NEW YORK (Reuters Health) Jan 09 - Patients with rheumatoid arthritis experience

more cardiovascular events than other patients, independent of the usual

cardiovascular risk factors, according to a report in the December 2001 issue of

Arthritis and Rheumatism.

In the first study of cardiovascular risk factors in rheumatoid arthritis that

focuses on both fatal and nonfatal events, Dr. Inmaculada del Rincon and

colleagues, from University of Texas Health Science Center at San ,

Texas, compared the incidence of cardiovascular events in persons with and

without rheumatoid arthritis after adjusting for traditional risk factors.

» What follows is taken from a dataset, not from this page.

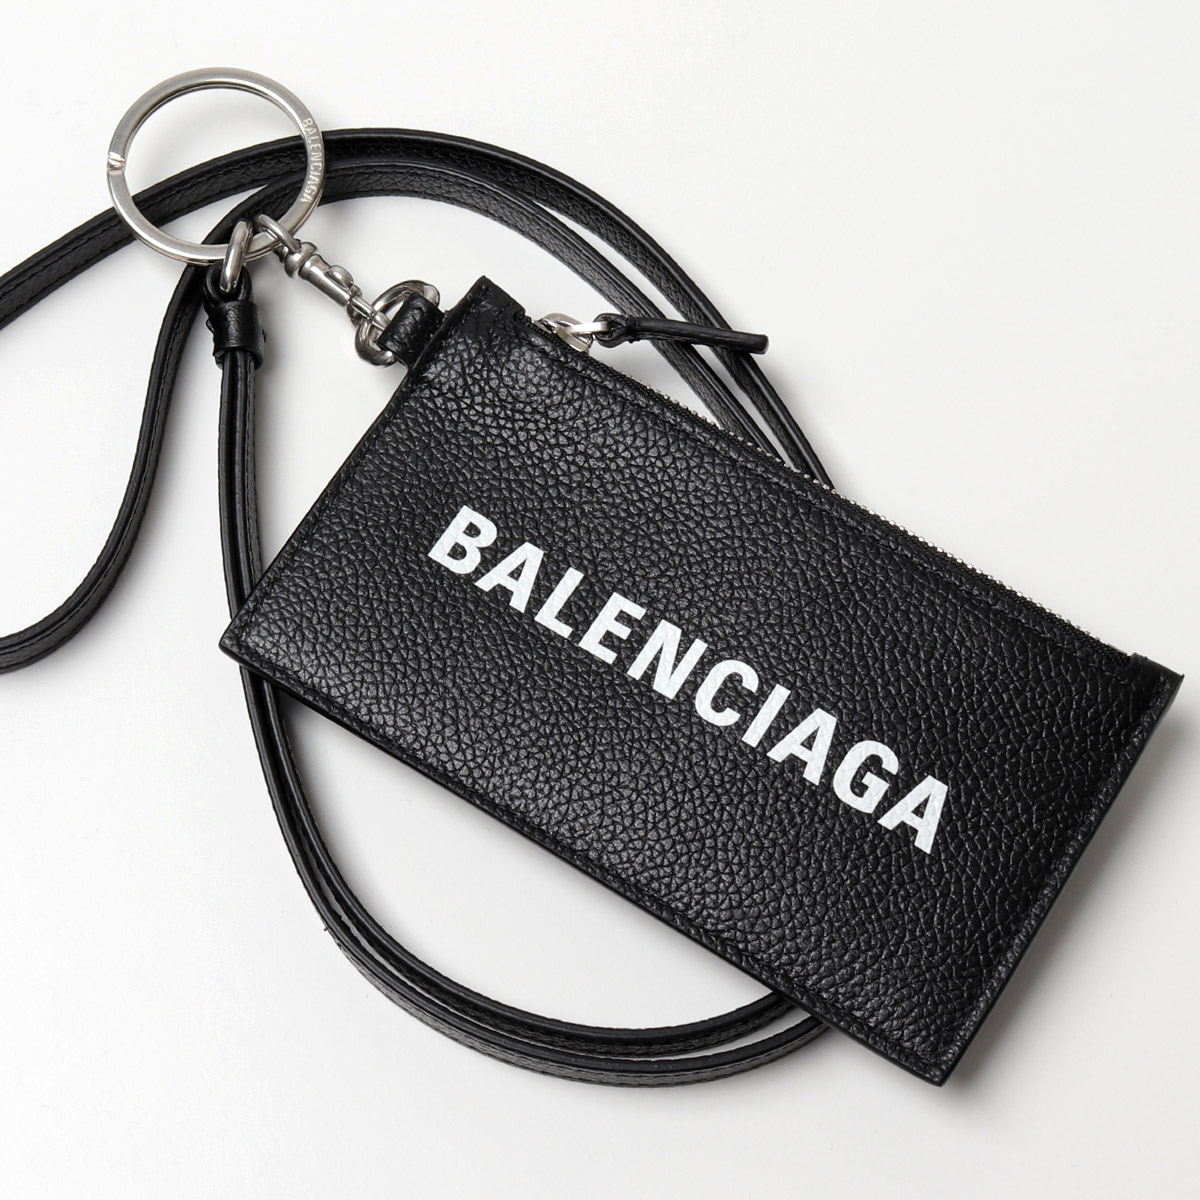 新作人気モデル BALENCIAGA バレンシアガ 594548 1IZI3 1IZ43 レザー コイン&カードケース ネックポーチ フラグメントケース 1090/BLACK/L-WHITE レディース

Among 236 rheumatoid arthritis patients in the ORALE (Outcome of Rheumatoid

Arthritis Longitudinal Evaluation) study, the authors report, the incidence of

cardiovascular events was 5.9 events overall per 100 person-years and 5.2 new

events per 100 person-years.

In contrast, the report indicates, 4635 individuals in the San Heart

Study (SAHS) experienced an overall rate of 0.75 events per 100 person-years and

0.59 new events per 100 person-years.

After adjustment for age and gender, the cardiovascular event incidence rate

ratio was almost 4 times higher in the RA group than in the SAHS group, the

researchers note.

Multivariate analysis that accounted for age, sex, diabetes, cigarette smoking,

systolic blood pressure, and body-mass index confirmed that the incidence of

cardiovascular events in the RA patients was more than triple that in the

population-based SAHS group.

" Even though we found that the risk of cardiovascular events is independent of

traditional cardiovascular risk factors, it is still important to implement risk

modification measures, " Dr. del Rincon told Reuters Health. " Further research is

needed in determining the factors associated with cardiovascular risk in

rheumatoid arthritis patients so that meaningful recommendations can be made. If

inflammation is found to play a major role in atherosclerosis, this would extend

the current indications for the aggressive suppression of the inflammation in

these patients. "

Arthritis Rheum 2001;44:2707-2710, 2737-2745.